Dataset content section start
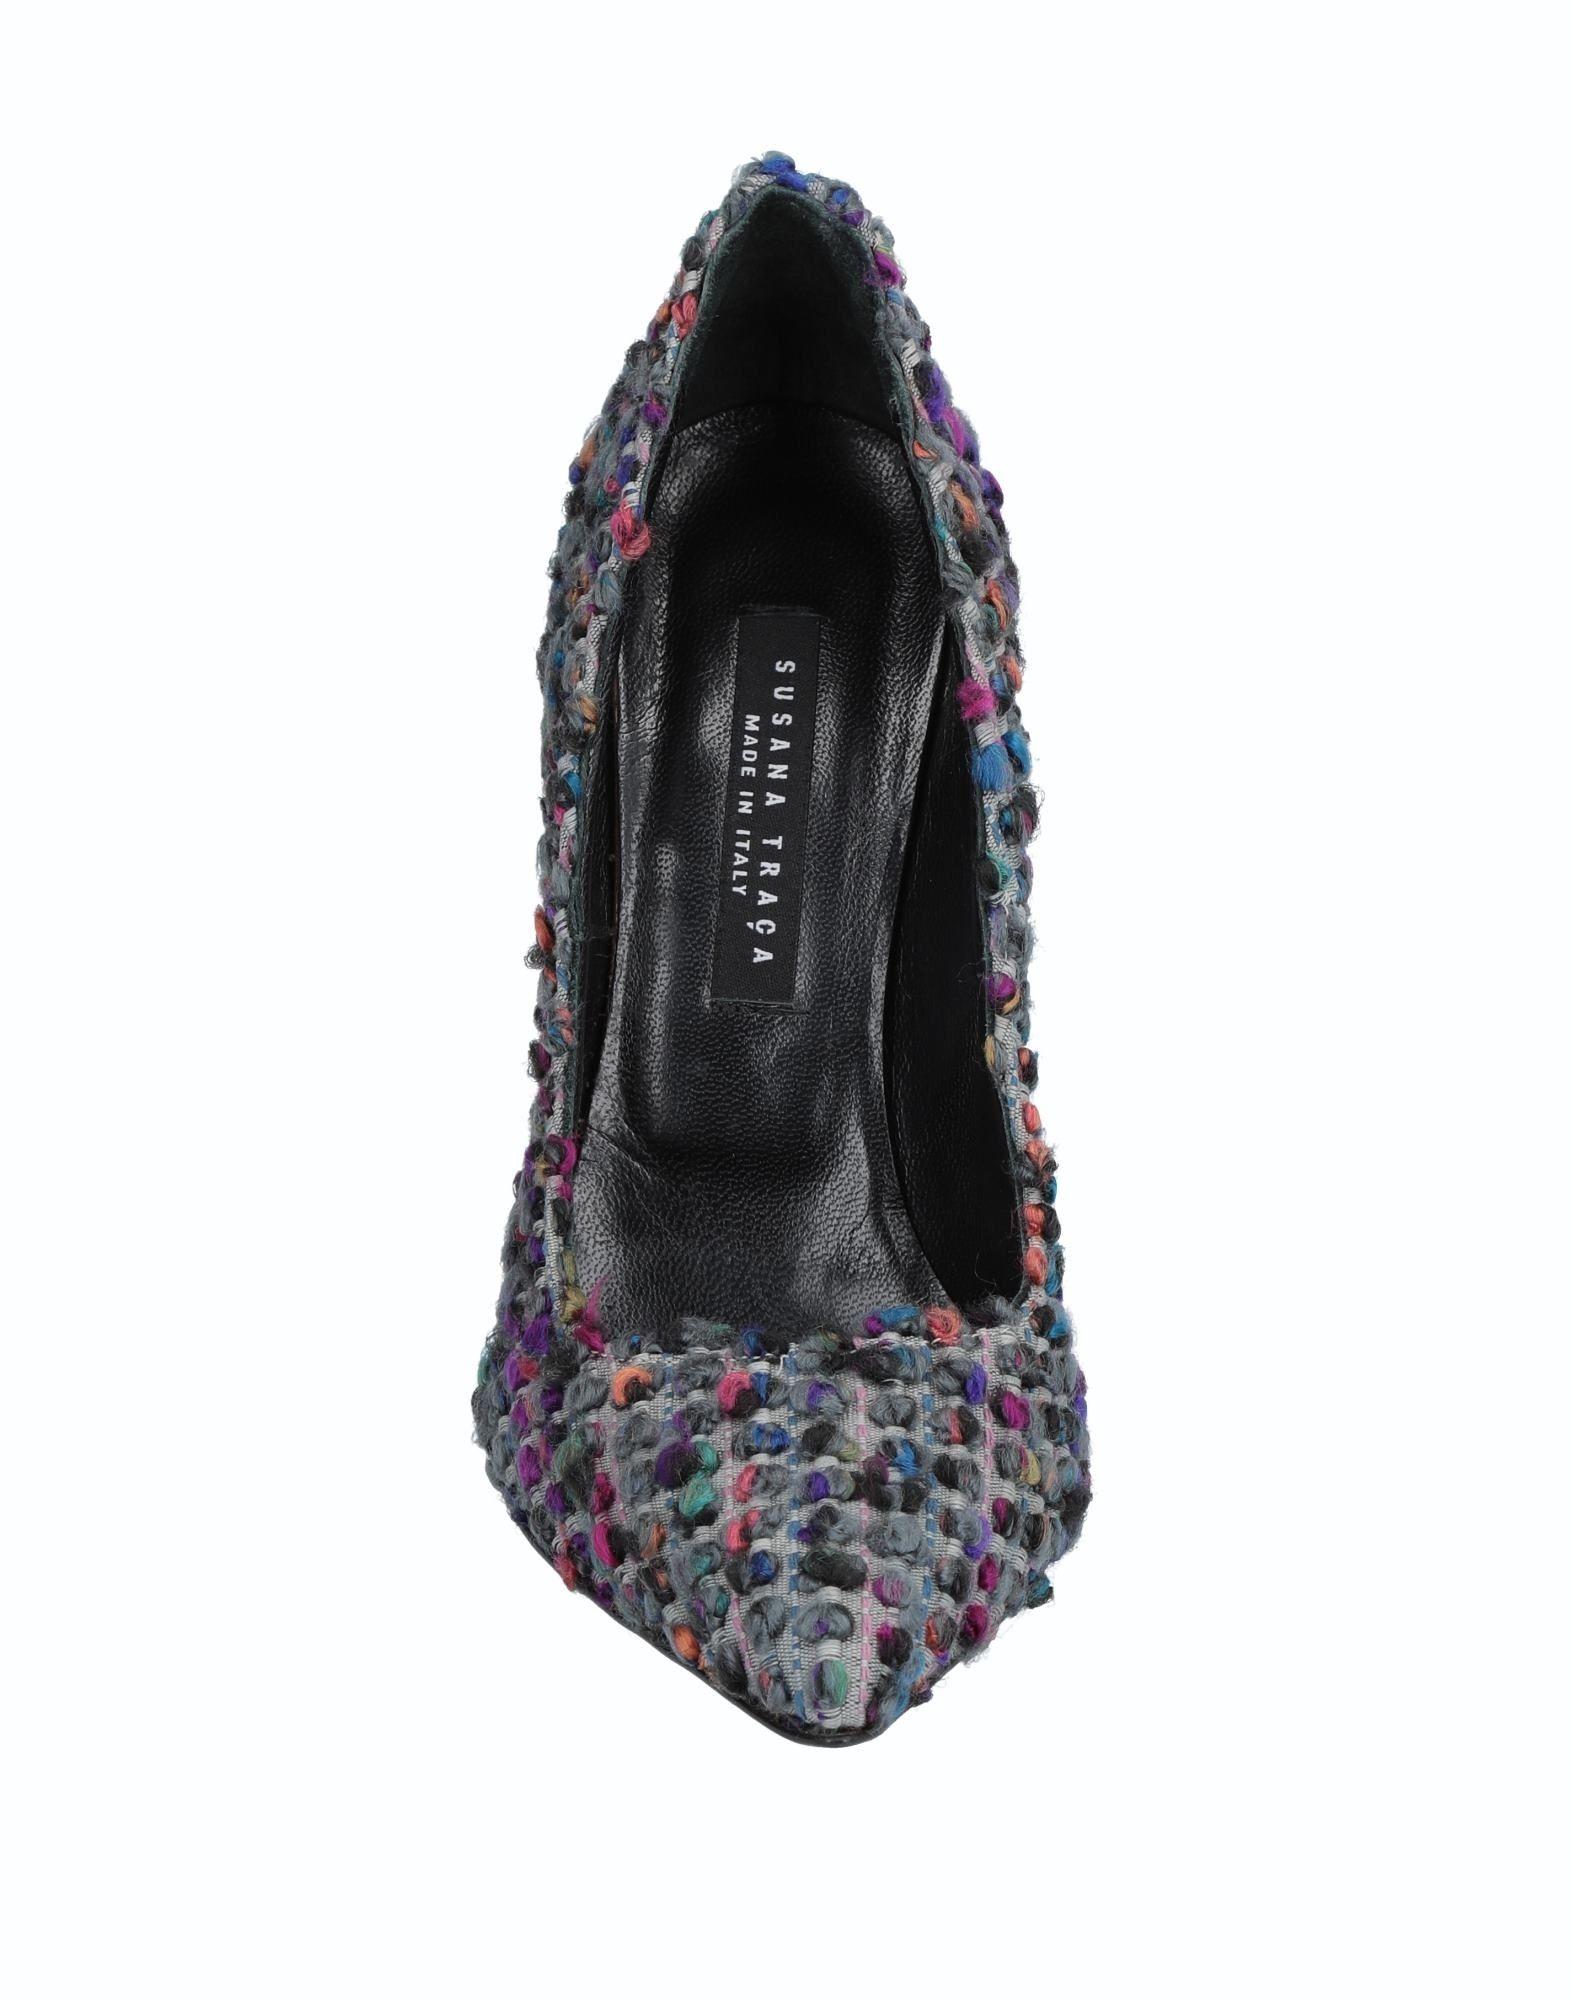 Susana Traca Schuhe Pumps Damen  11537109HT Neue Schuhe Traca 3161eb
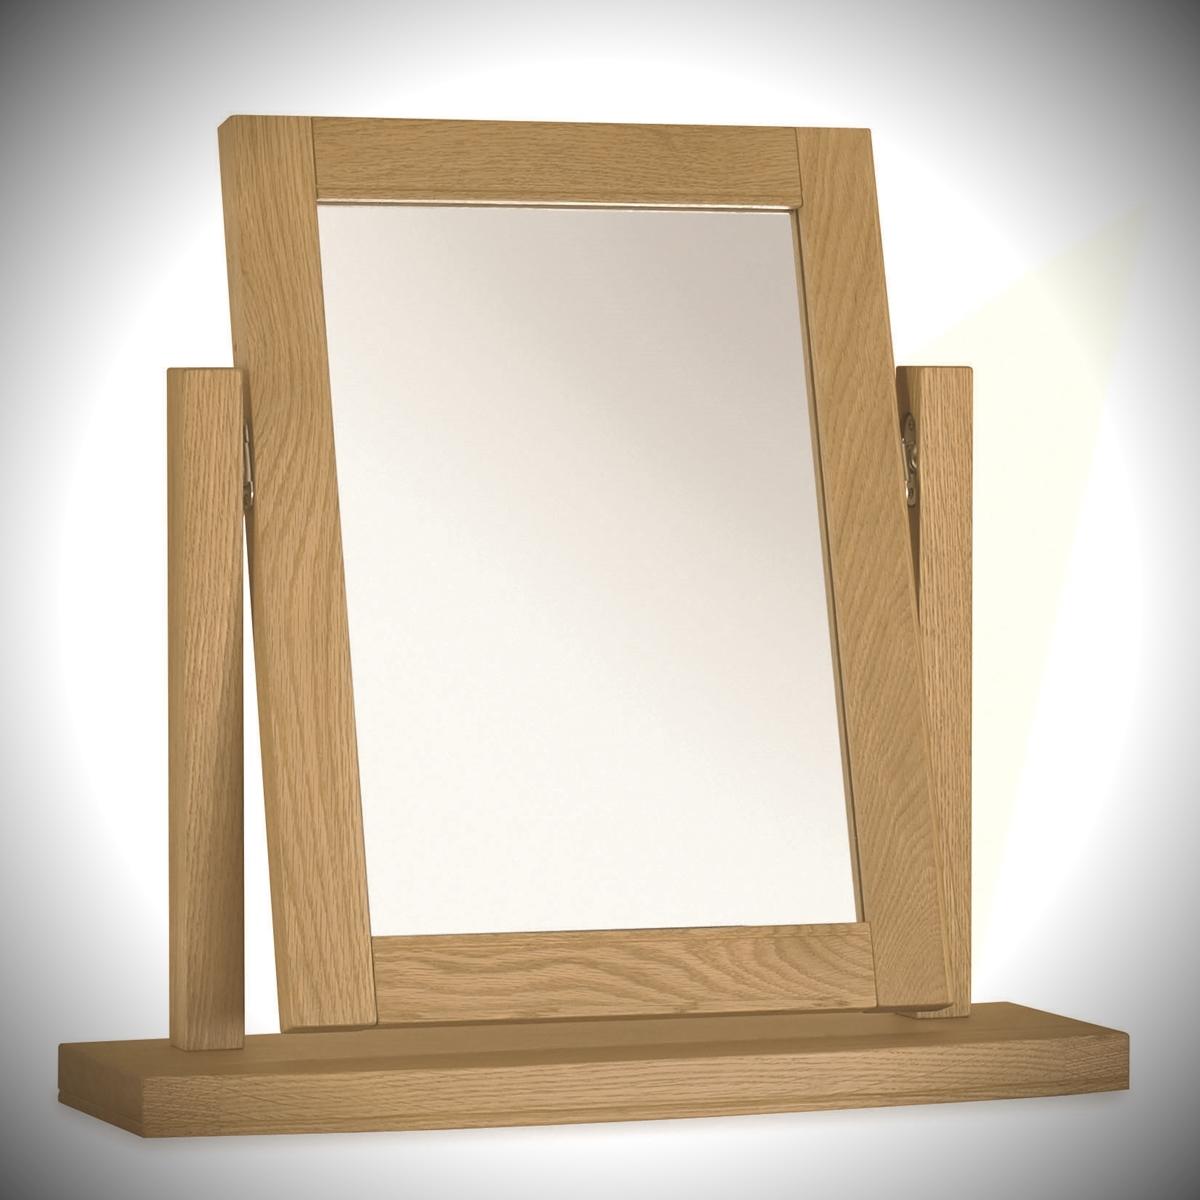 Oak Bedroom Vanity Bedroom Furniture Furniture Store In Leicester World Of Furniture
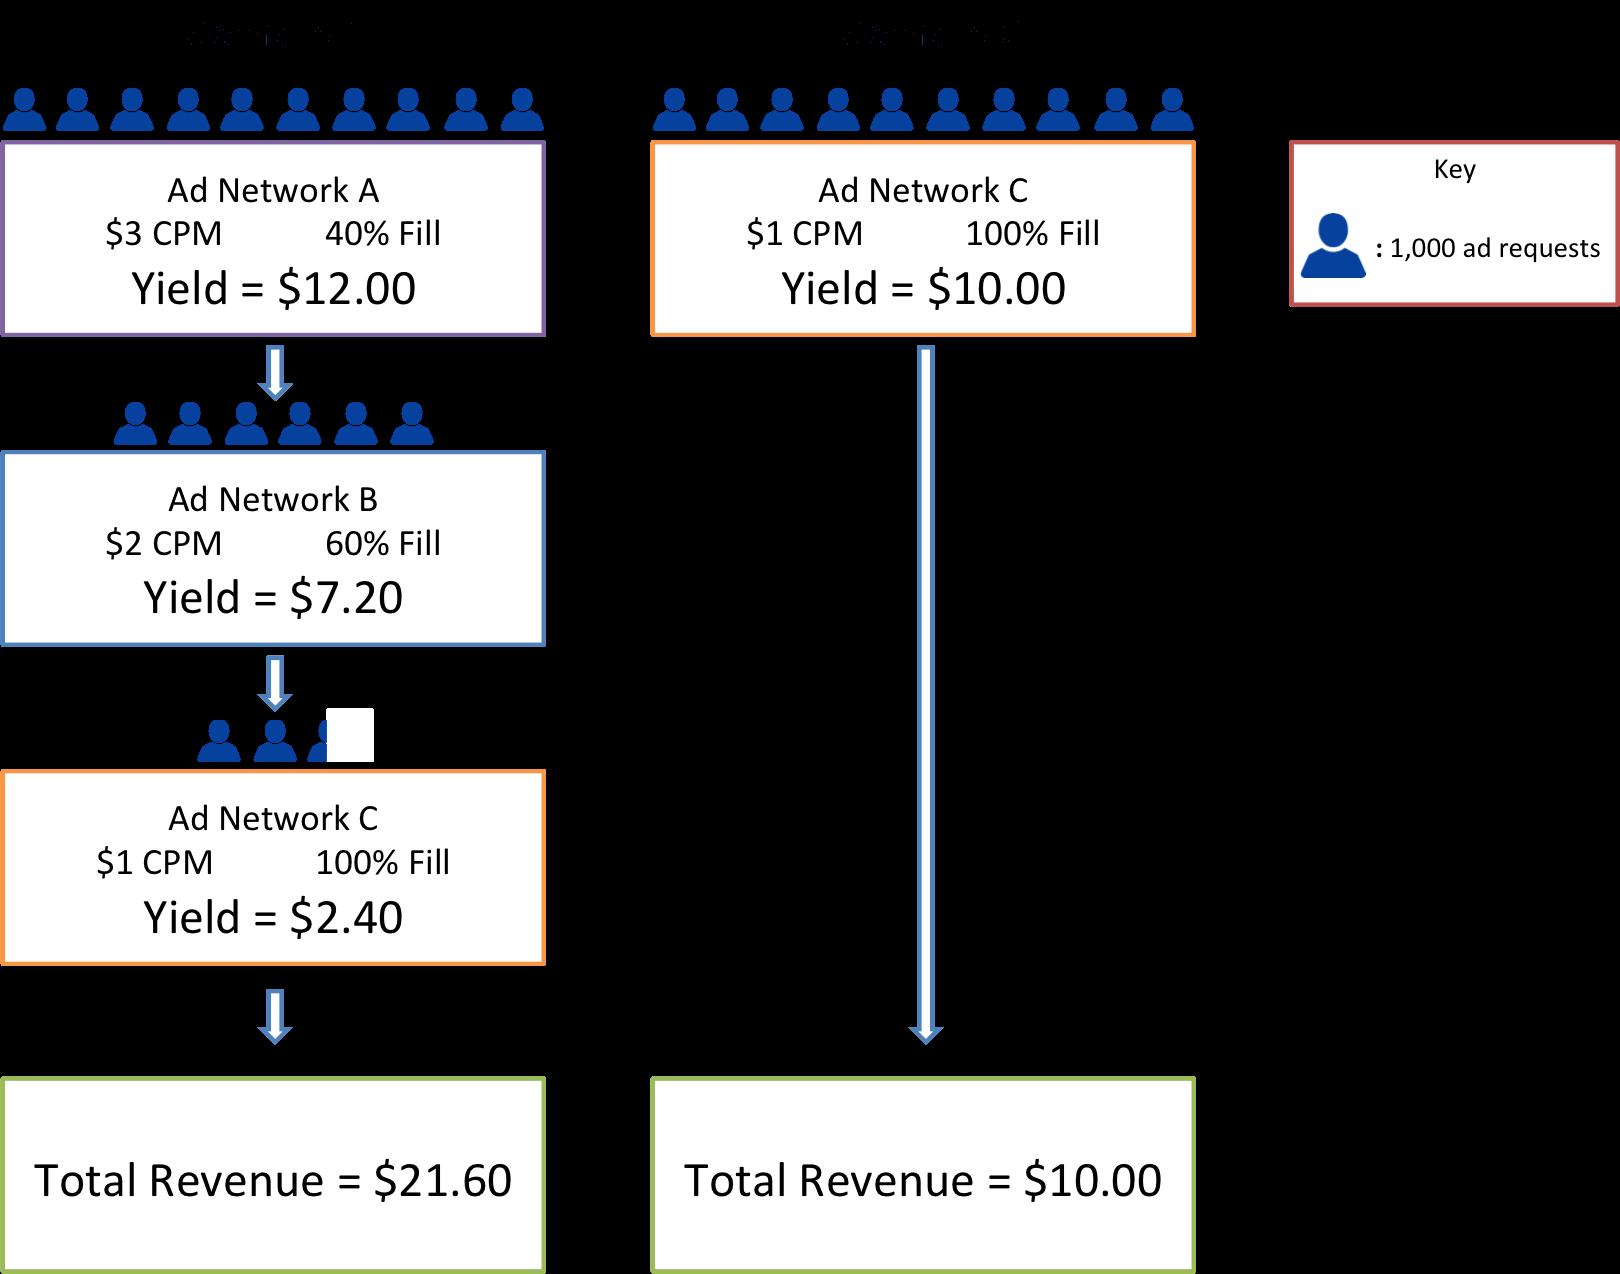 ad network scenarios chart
Dataset content section end
• **Directions**:
Every line above is to be returned exactly, with its pictures removed.

• **Written answer**:
 Susana Traca Schuhe Pumps Damen  11537109HT Neue Schuhe Traca 3161eb
 Oak Bedroom Vanity Bedroom Furniture Furniture Store In Leicester World Of Furniture
 ad network scenarios chart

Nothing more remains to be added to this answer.